TASK REQUIREMENTS:
Exact transcription, pictures omitted: reproduce the listing below.

EXERCISE DATA:
━━━━━━━━━━━━━━━━━━━━

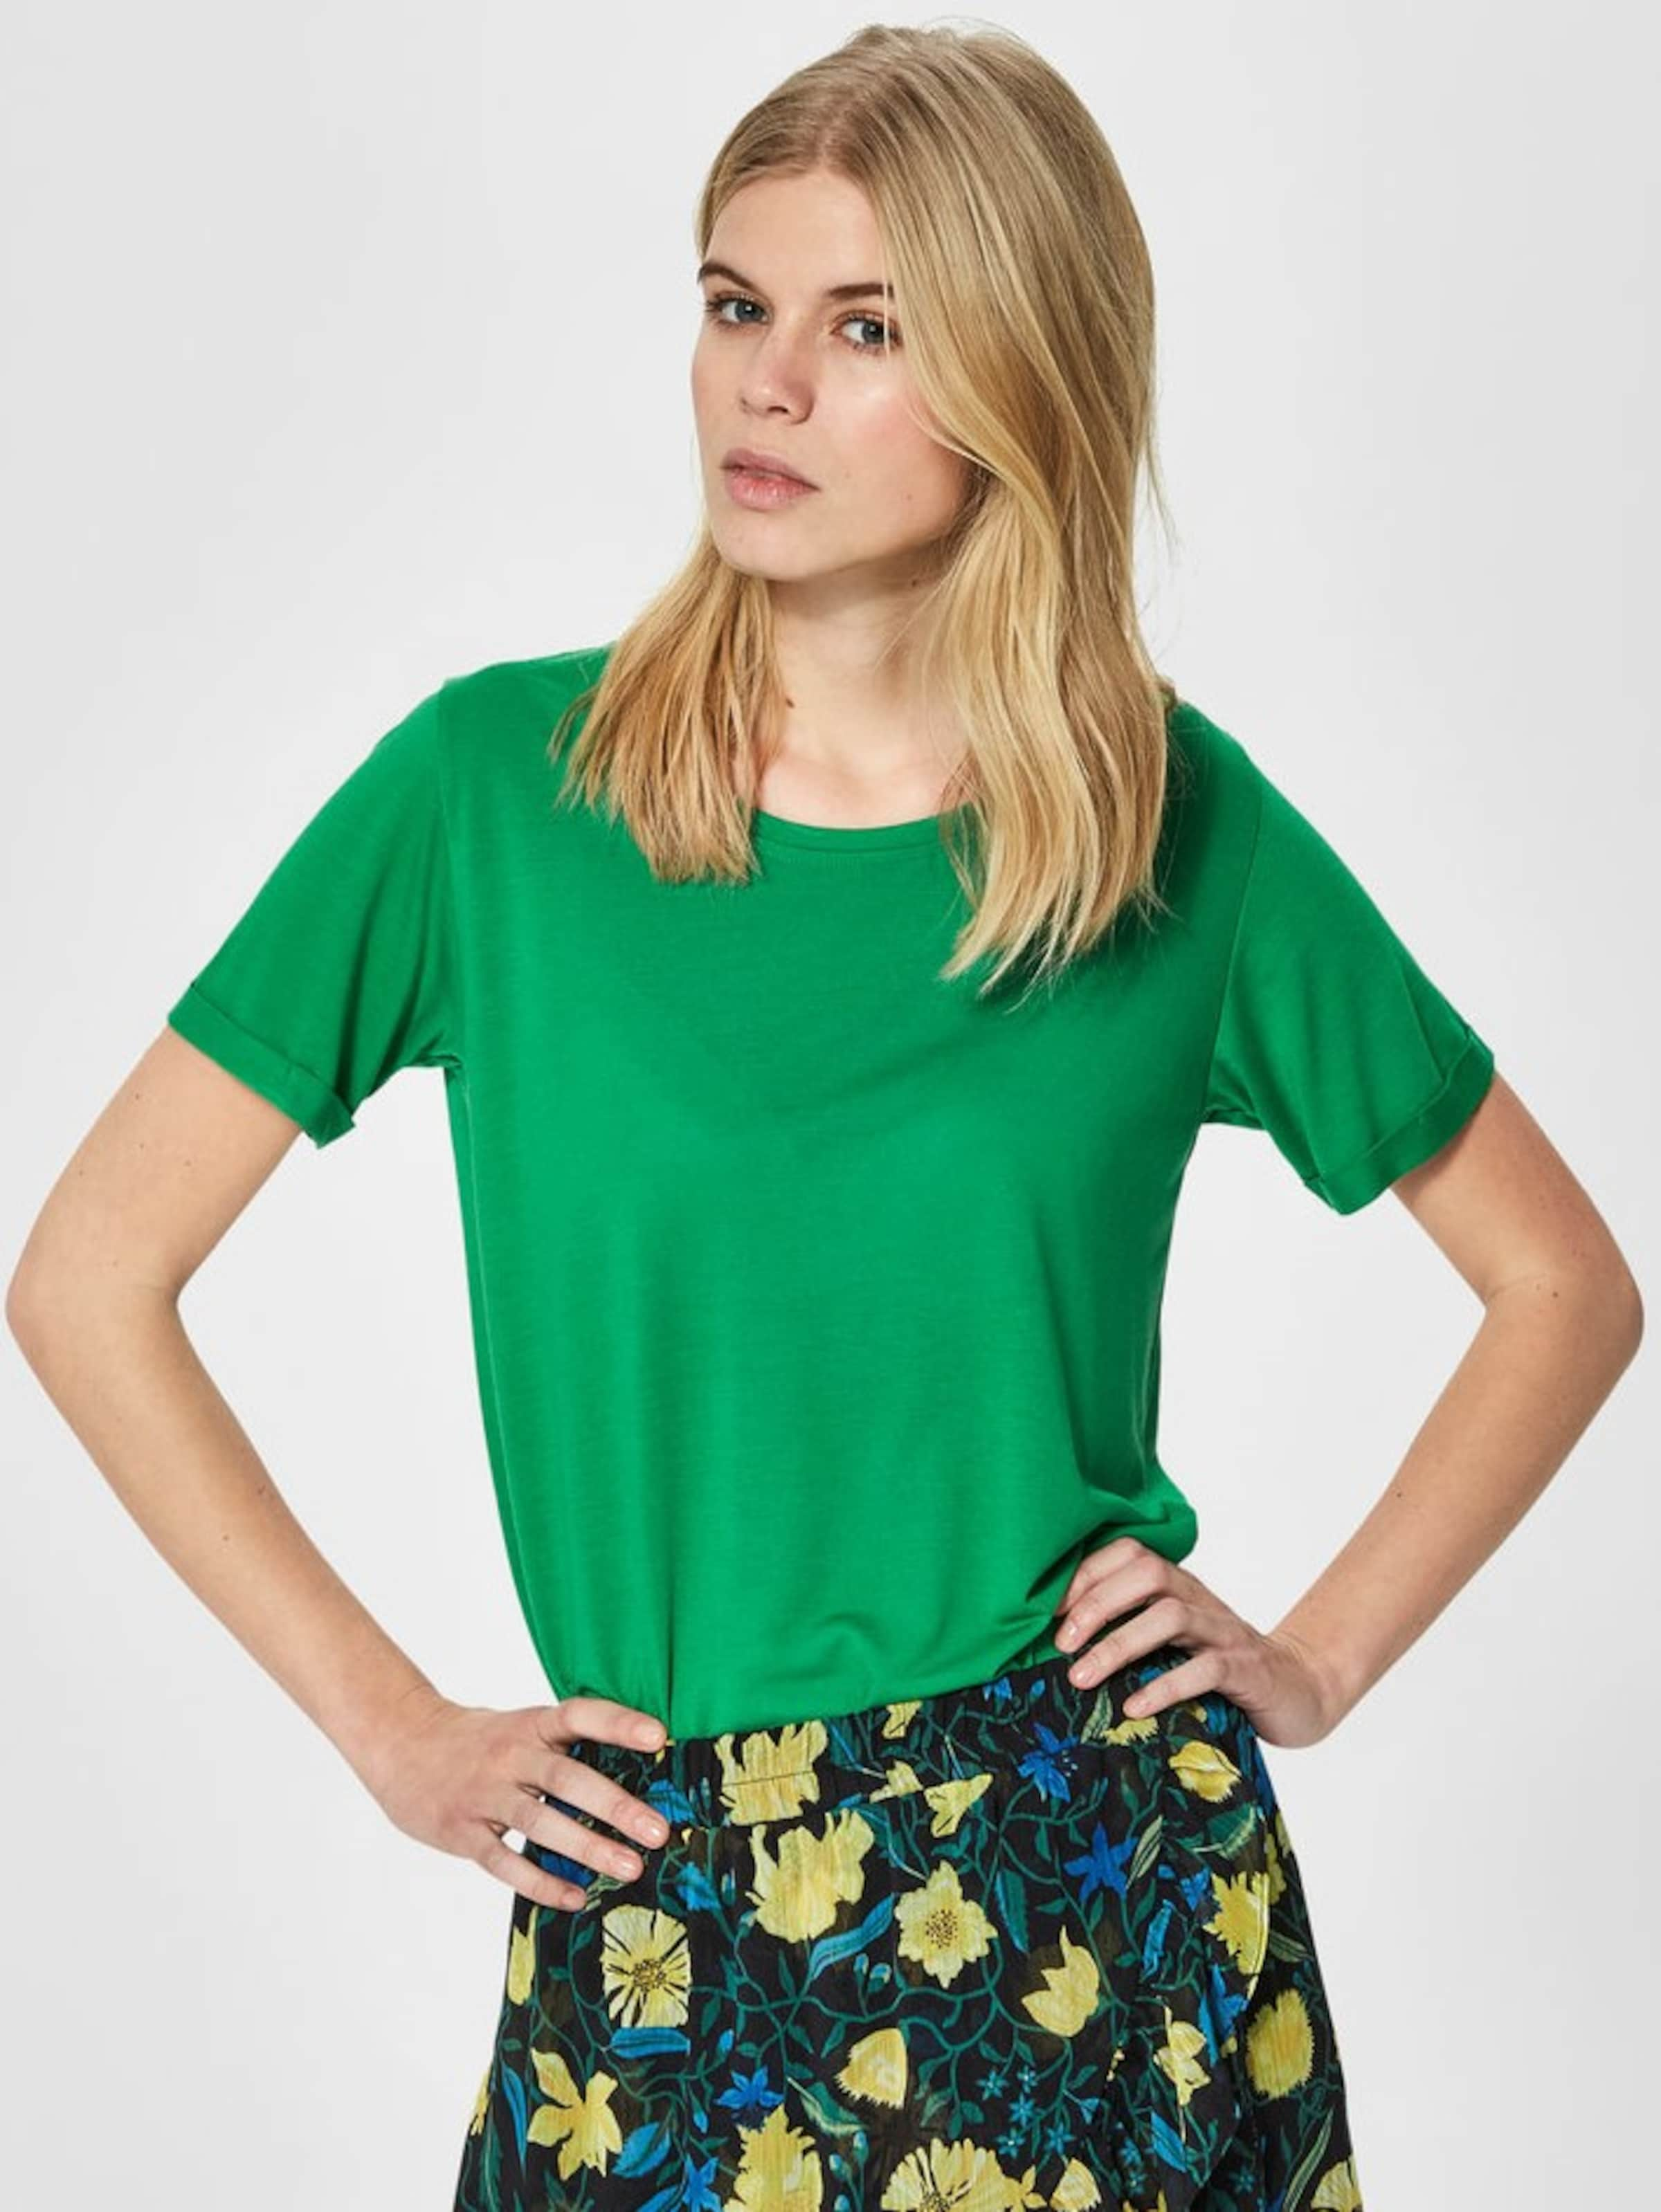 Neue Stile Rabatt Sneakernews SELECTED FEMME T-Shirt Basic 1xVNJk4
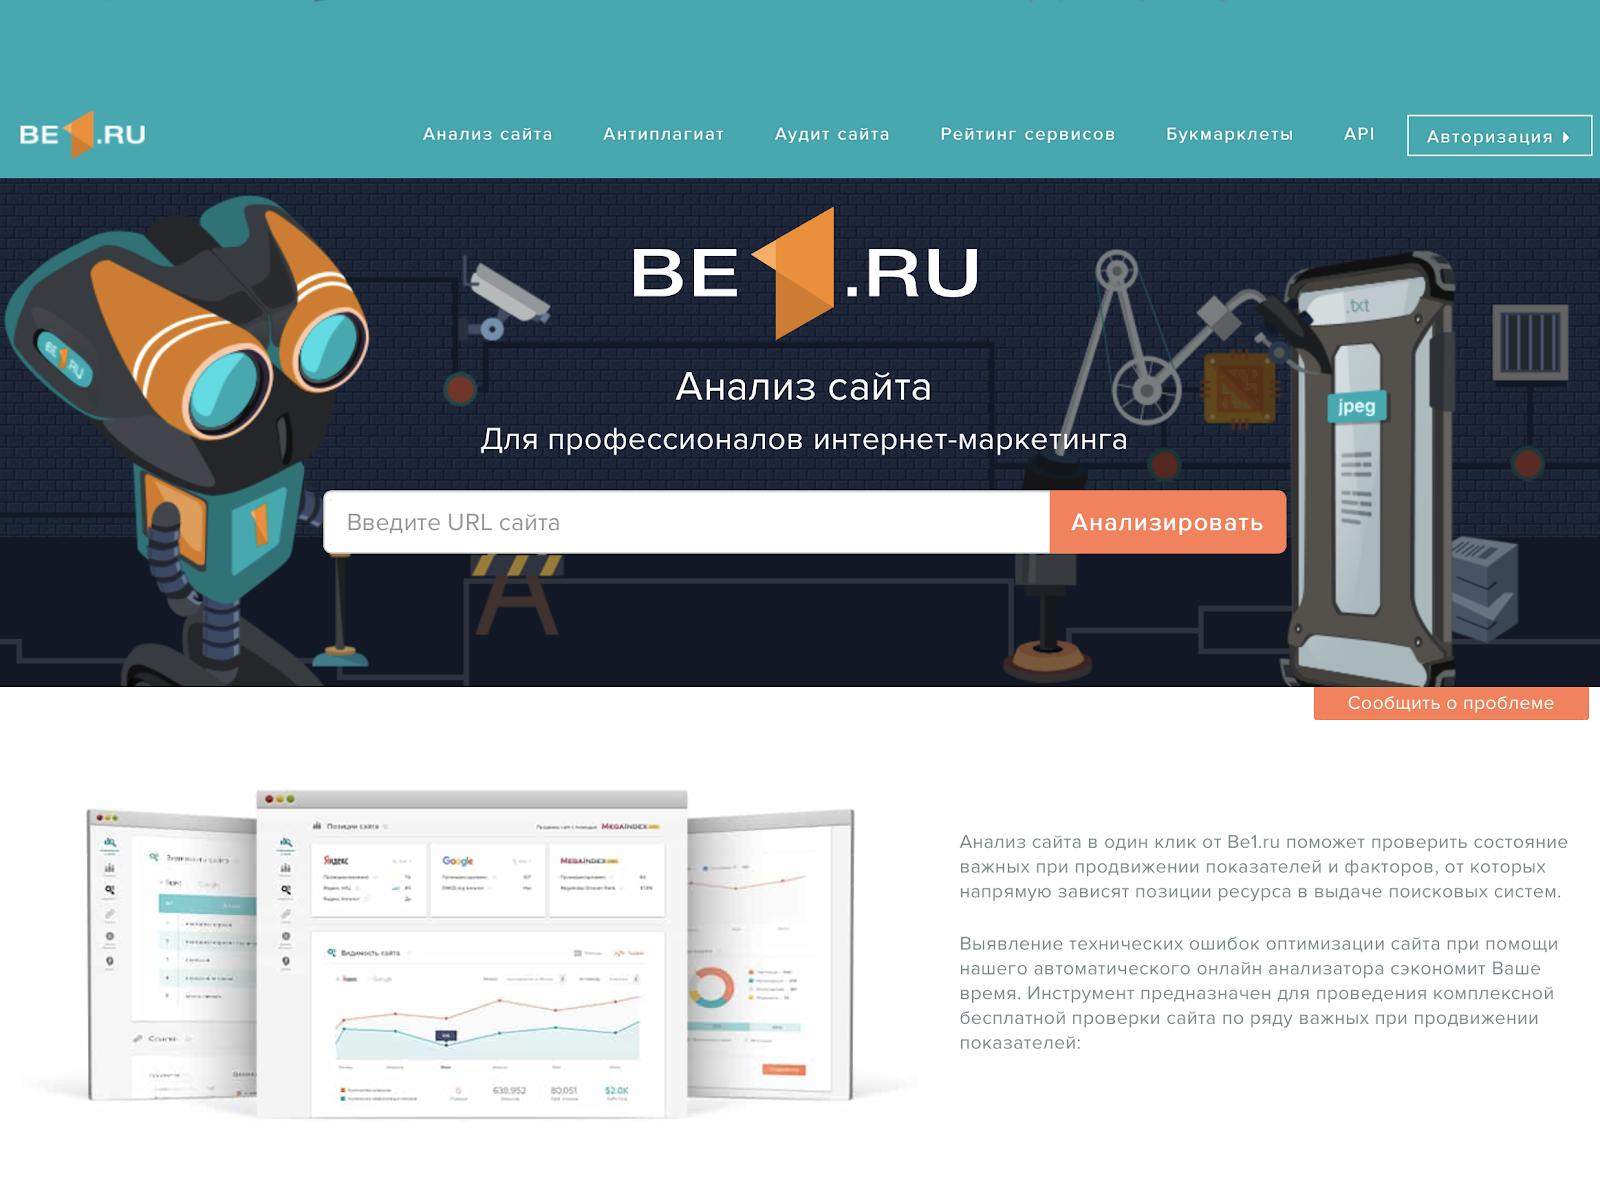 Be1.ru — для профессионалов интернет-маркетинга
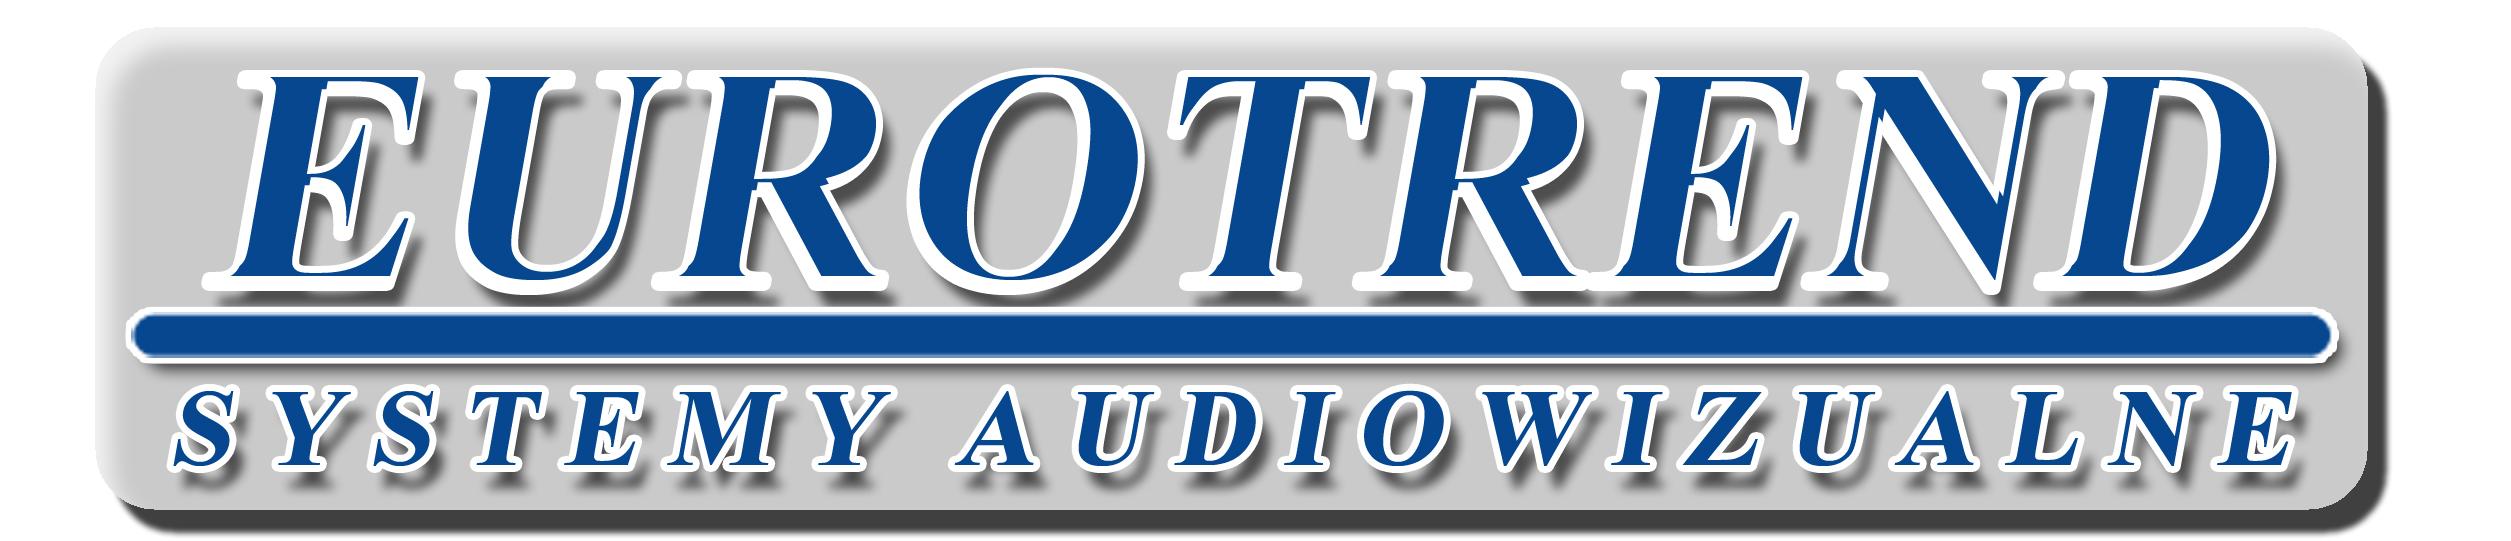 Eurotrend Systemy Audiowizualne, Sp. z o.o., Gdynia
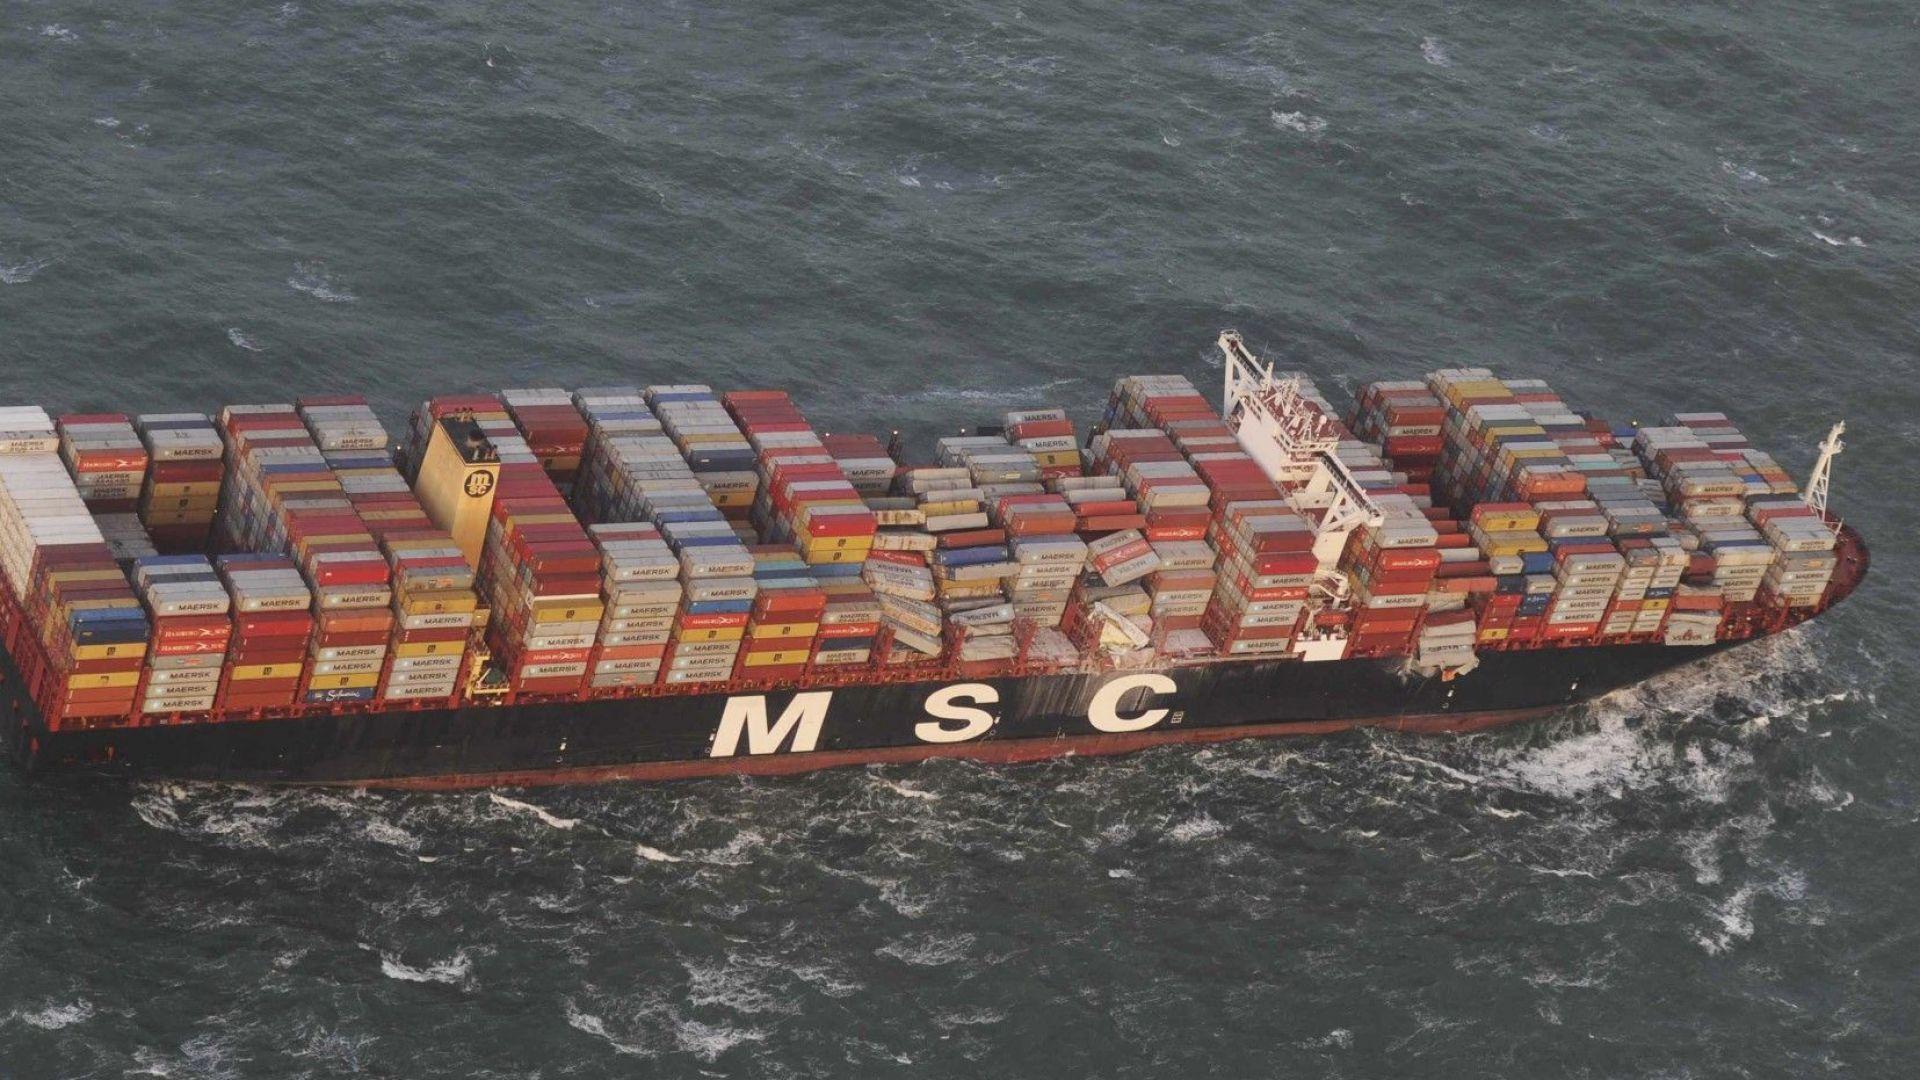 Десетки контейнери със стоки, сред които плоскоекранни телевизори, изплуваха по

━━━━━━━━━━━━━━━━━━━━

RESPONSE:
 Neue Stile Rabatt Sneakernews SELECTED FEMME T-Shirt Basic 1xVNJk4
 Be1.ru — для профессионалов интернет-маркетинга
 Eurotrend Systemy Audiowizualne, Sp. z o.o., Gdynia
 Десетки контейнери със стоки, сред които плоскоекранни телевизори, изплуваха по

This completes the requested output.